Abstract
Abstract
Background: In the modern surgical and chemotherapy era metastatic liver disease is in the renaissance, enabling to extend patient's life with metastatic liver disease. However, the primary limiting factor to more radical surgical treatment is liver volume, particularly in patients with chemotherapy-induced liver damage. Since results regarding whether chemotherapy has an impact on liver volume regeneration are ambiguous, we have aimed to analyze liver regeneration and the factors influencing it.
Methods: A prospective cohort study was performed. Patient inclusion criteria were as follows: patients between 18 and 90 years; liver resection of at least 2 segments either for benign or colorectal cancer metastasis; patients who underwent liver resection due to metastatic disease had to have previous chemotherapy treatment. All patients were divided into 2 groups – control and chemotherapy groups. Analysis of demographics, perioperative data, liver enzymes, liver stiffness, and liver volume was carried out, as well as the impact on regeneration marker expression in serum and liver tissue.
Results: 34 patients in all were involved in this trial, and they were split into two groups: chemotherapy and control. The two groups were similar. Except for comorbidities, there were no variations between the perioperative and demographic data.
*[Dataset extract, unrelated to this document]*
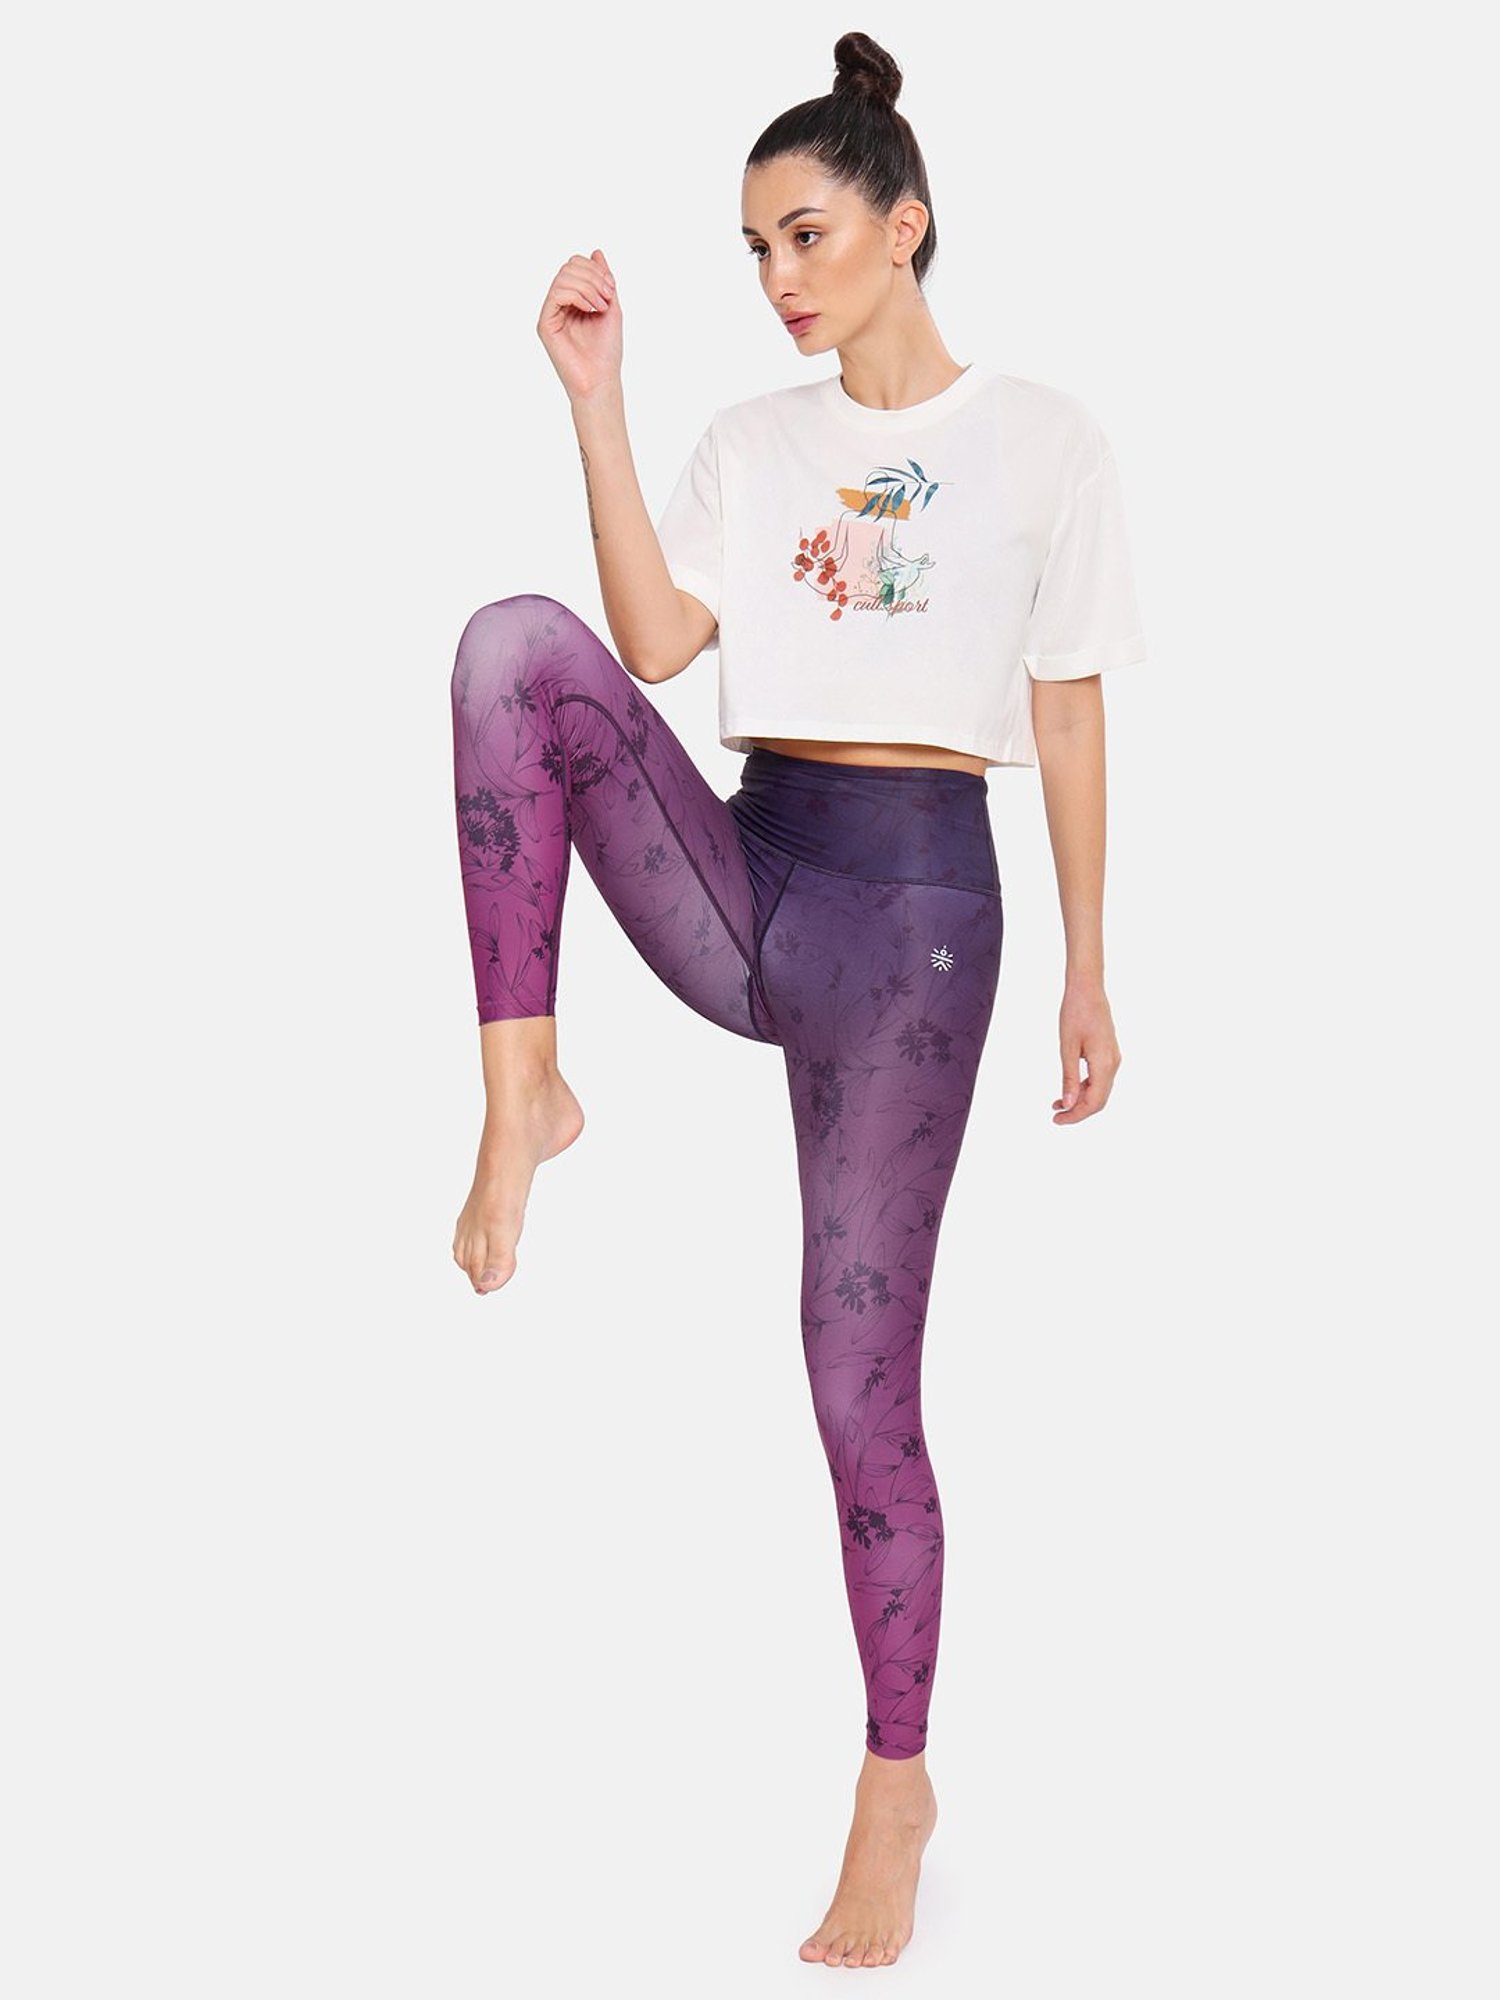 Buy Lavany Women's Mid Waist Elastic Printed Pant (Purple, S) at Amazon.in
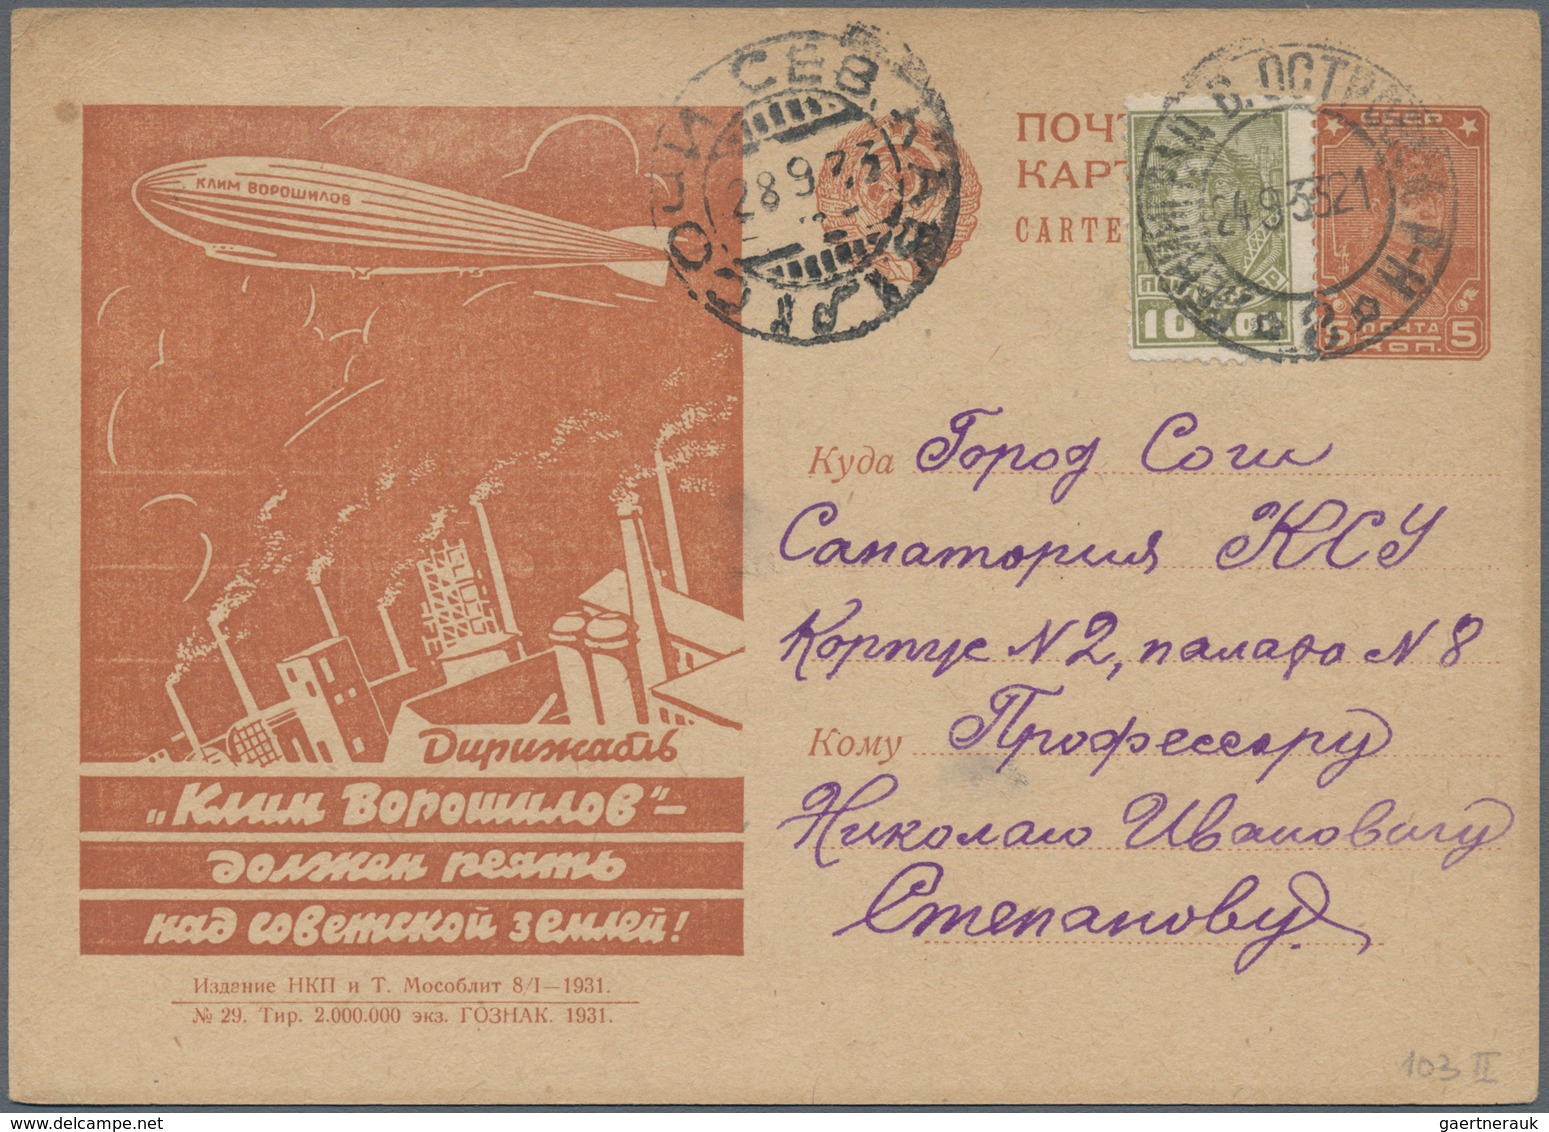 Sowjetunion - Ganzsachen: 1930/32, 7 Different Used Picture Postcards With Motive Zeppelin, One Card - Non Classés

In the chemotherapy group, regenerated liver volume was lower compared to control, 1240.5±69.6 vs 1525.3±106.6 ml p-0.039. Further analysis revealed that the chemotherapy group had increased anti-regenerative TGF β1 expression compared to control in serum and liver tissue, p-0.02 and p-0.034.
Conclusions: The present study showed that chemotherapy is associated with lower regenerated volume in patients who received resection. Anti-regenerative TGFβ1 marker expression in liver tissue and serum might have an impact on regenerated liver volume, however, the exact mechanisms involved in decreased regeneration are further to be studied.